Politique au sens fort du terme, ce projet d’une exposition de grande envergure à Paris est toujours d’actualité. Il est temps, en effet, que nos concitoyens comme les touristes de passage puissent se rendre compte de la forte prégnance civilisationnelle de l’Islam en Europe, et notamment en France, tant au niveau des arts (culinaire, pictural, lyrique, etc) qu’au niveau de la contribution arabo-musulmane au corpus du savoir universel. Un important projet, que l’actuelle crise sanitaire nous a contraint à reporter, comme tant d’autres. Mais nous restons néanmoins mobilisés sur d’autres expositions, à l’échelle régionale. Au printemps prochain, l’une d’elles portera ainsi sur l’histoire de l’islam en France, du Moyen-âge à nos jours. Et l’itinérance de l’exposition que nous soutenons sur l’Emir Abdelkader reprendra dès que possible. Cette grande figure médiatrice entre l’islam et la France, hélas trop méconnue du grand public, se doit d’être honorée.
Quels sont ou seront, à court et moyen termes, vos autres axes forts et principaux outils de communication ?
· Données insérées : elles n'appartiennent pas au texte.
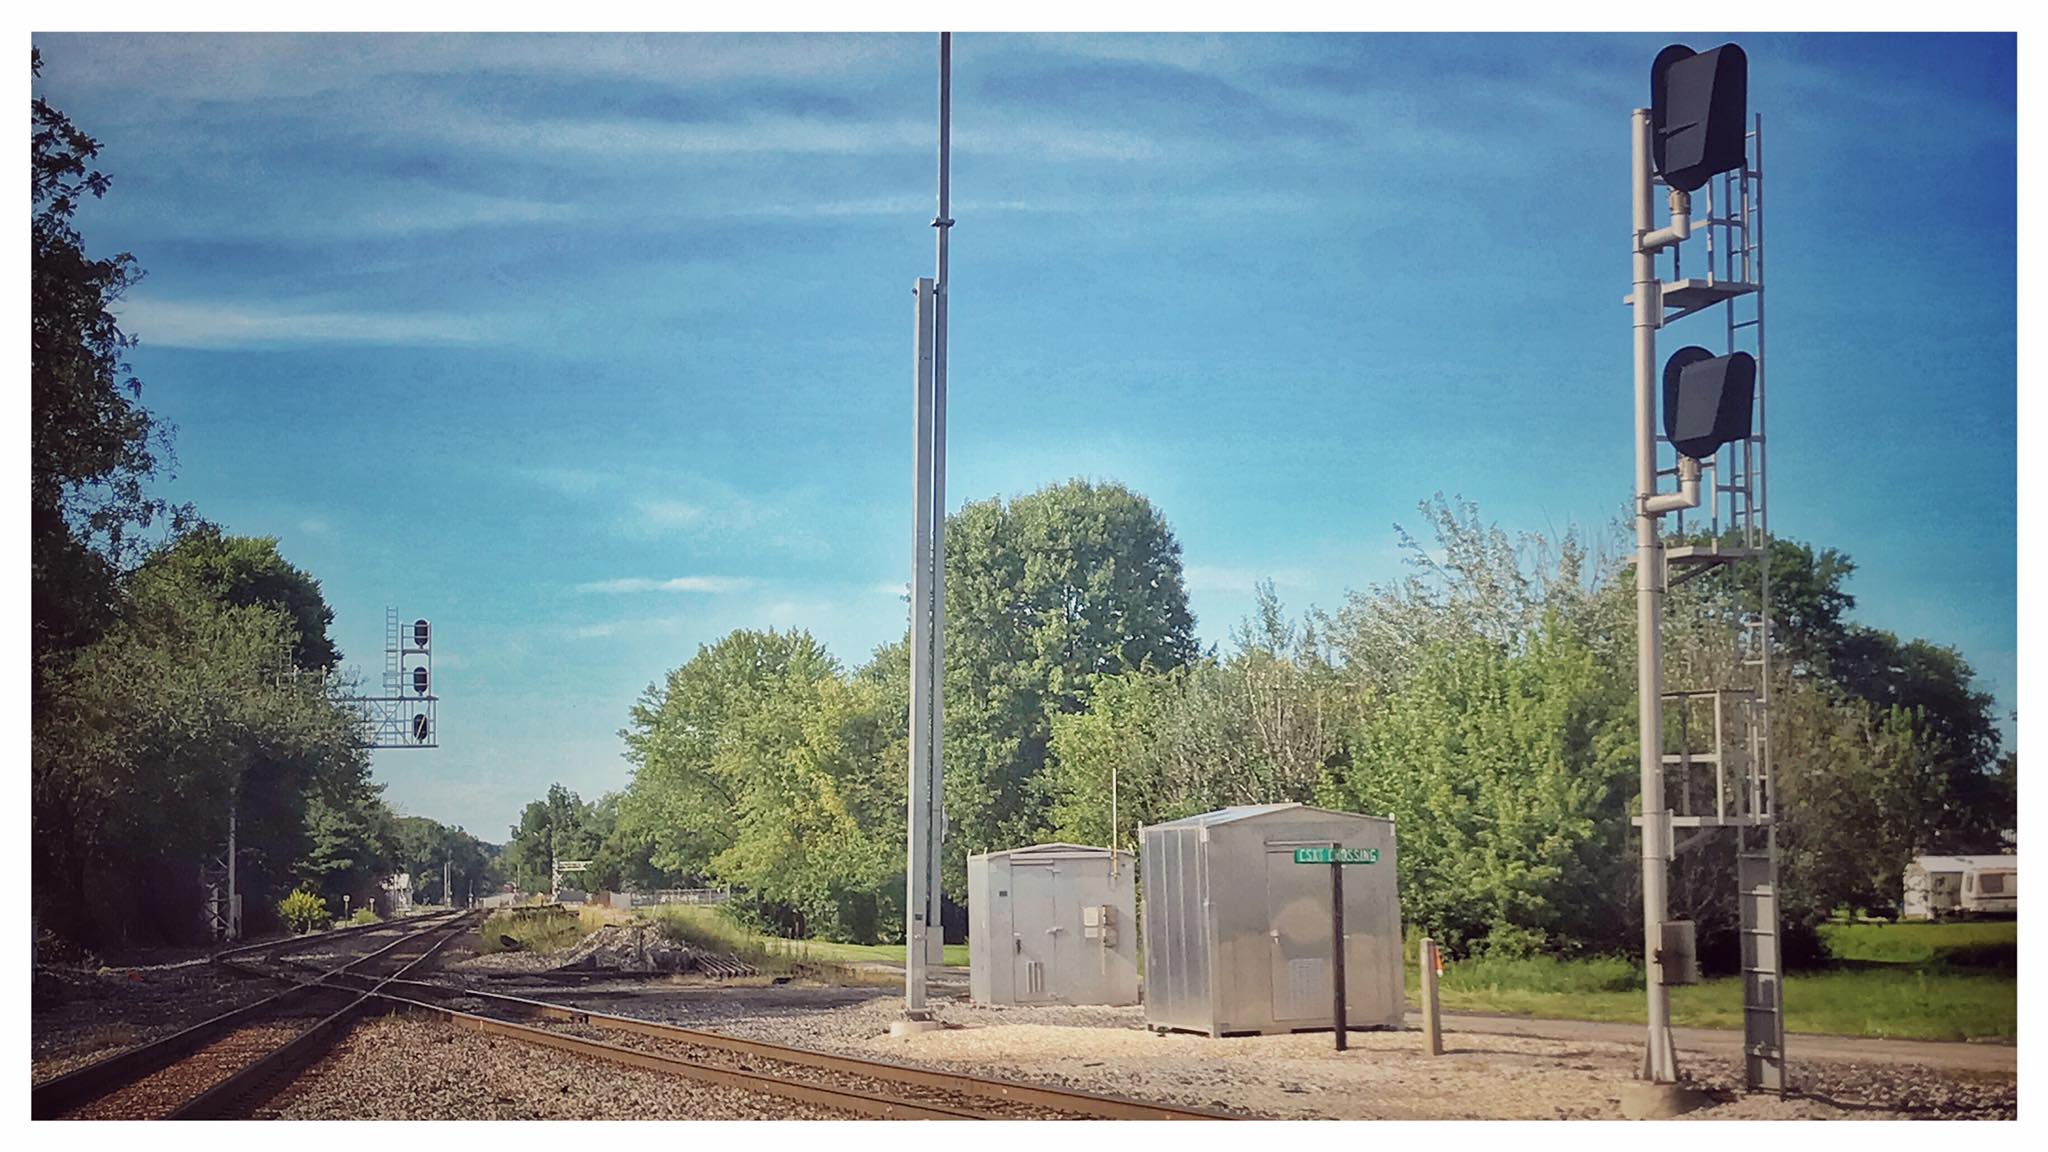 August 24, 2019 - Waiting for an eastbound NS freight at the Southern Crossover in Princeton, Indiana.

En la matière, nous projetons des partenariats avec des radios communautaires et une école de musique arabo-andalouse, « L’Alhambra à Saint-Denis ». Nous lancerons aussi prochainement un grand festival annuel des cultures d’islam et une Web TV interactive sur nos thèmes de prédilection. Enfin, conformément à l’annonce du président de la République, le 2 octobre, aux Mureaux, notre projet phare sera l’édification de l’Institut académique d’islamologie appliquée, à créer en partenariat avec les acteurs universitaires idoines. Sans oublier notre présence renforcée sur les réseaux sociaux, incontournables désormais pour s’adresser à la jeunesse, nonobstant la qualité de l’information qui y circule.
Quel regard portez-vous sur les débats houleux qu’a fait naître, en interne, l’élaboration de la Charte des principes pour l’Islam de France ? Cette Charte s’imposait-elle à vos yeux ?
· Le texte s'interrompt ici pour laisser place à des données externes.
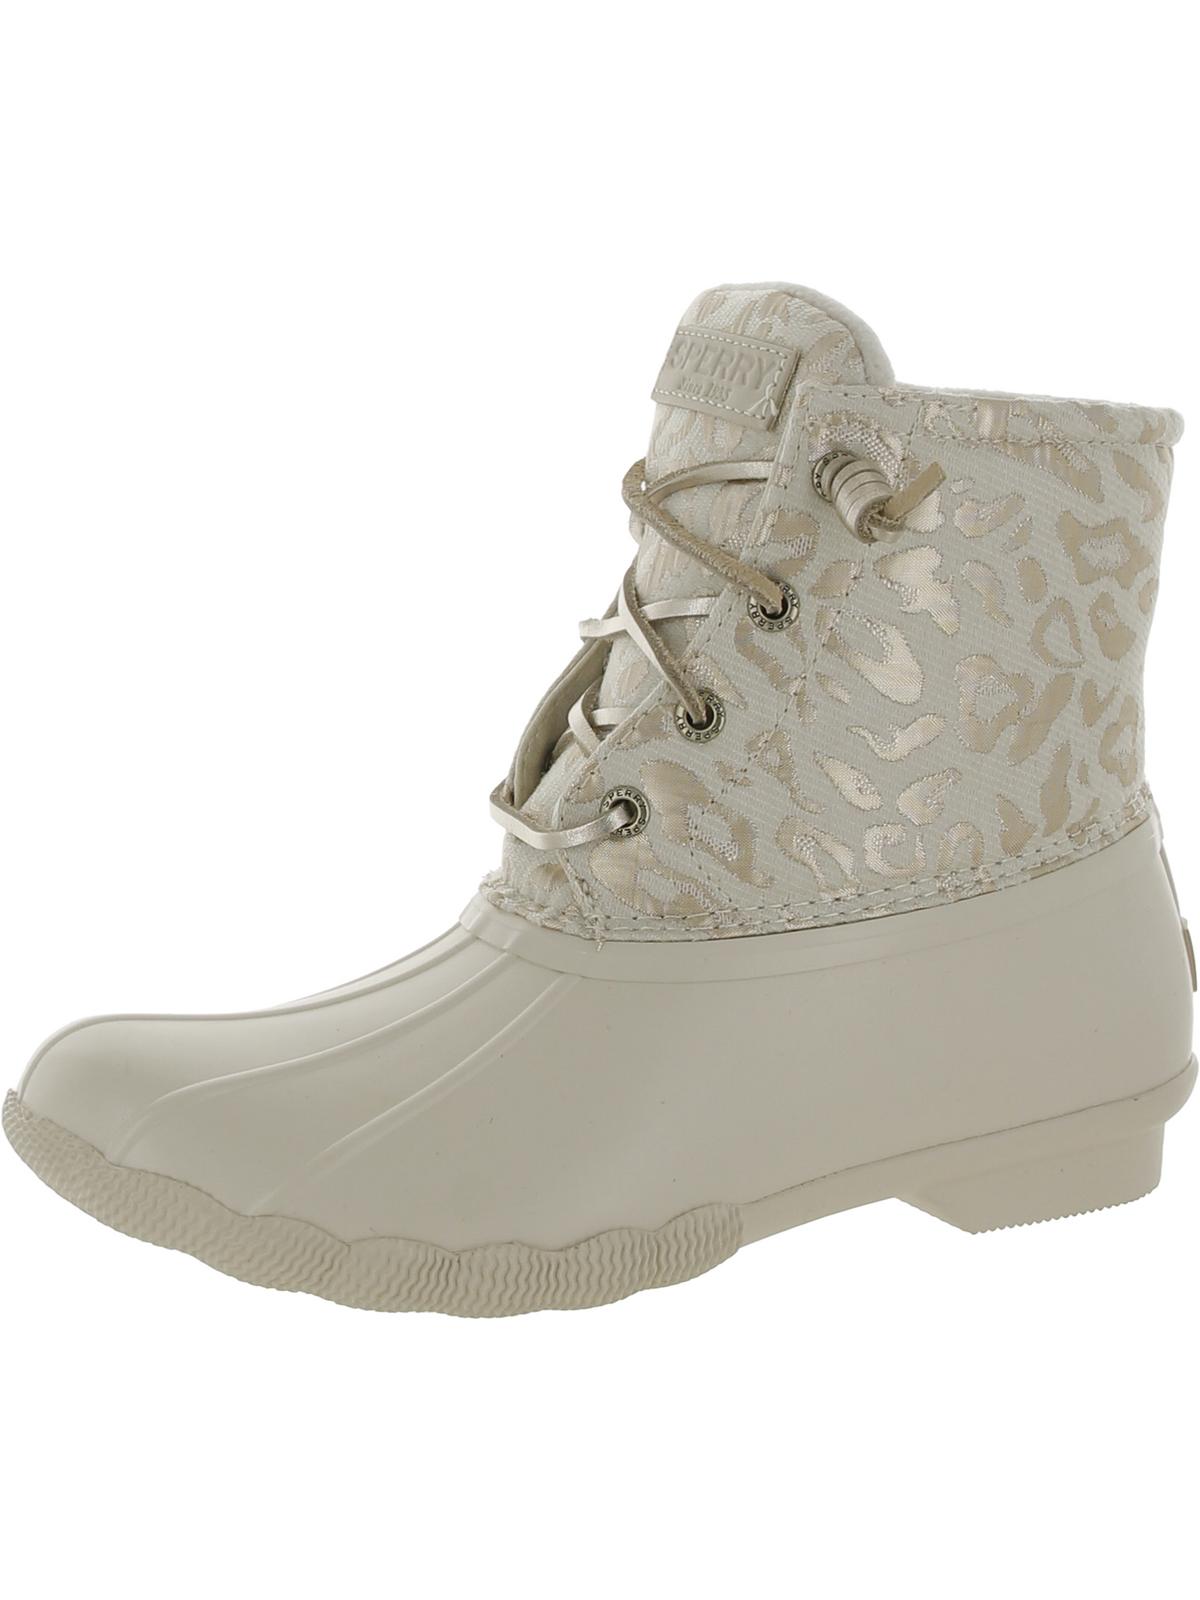 Shop Sperry Saltwater Womens Embroidered Manmade Rain Boots In Multi

Se lamenter en multipliant les « on aurait dû, il fallait que… » ne sert à rien. J’aurais simplement souhaité que cette charte fût élaborée comme une production commune et spontanée des responsables musulmans, sur le modèle suivi en 2018 par les pasteurs protestants. Idéale, cette voie n’a pas été suivie. Le processus en cours autour de l’actuel projet de charte revient à une singularité injuste, mais nécessaire. Son caractère injuste réside dans l’injonction qui a été faite au seul culte islamique, mais elle relève néanmoins d’une nécessité impérieuse, notamment après les terribles événements de cet automne qui nous ont affligés.
En effet, cette charte aura au moins le mérite de tarir les logorrhées incessantes qui soutiennent l’incompatibilité irréductible des préceptes de l’islam et des principes de la République. Oui, réaffirmer que les valeurs de la tradition islamique sont en totale congruence avec celles de la République est de nos jours une exigence éthique et politique ! Si je me réfère au triptyque républicain, nous constatons que la valeur « fraternité » a toujours été omniprésente au cœur de la tradition islamique. Cette dernière y est enseignée à côté des valeurs magnifiant la bonté, la miséricorde, la solidarité, la magnanimité…
En revanche, les valeurs « liberté » « égalité » doivent y être réaffirmées avec force. Et je me réjouis que ce soit le cas, dans les débats intra-islamiques actuels, à travers la garantie de la liberté de conscience et le respect de l’égalité ontologique et juridique des personnes, pour enfin se hisser à la hauteur des exigences du progrès humain. Le respect de la loi fondamentale et le primat du droit positif sur toute autre considération religieuse nous feront sortir, une bonne fois pour toutes, des impasses. Lesquelles impasses sont entretenues par les discours caricaturaux et opposés – mais en fait convergents – des islamistes et des faiseurs d’opinion, contempteurs par principe d’un fait islamique qu’ils méconnaissent dans sa réalité, sa complexité et sa profondeur historique.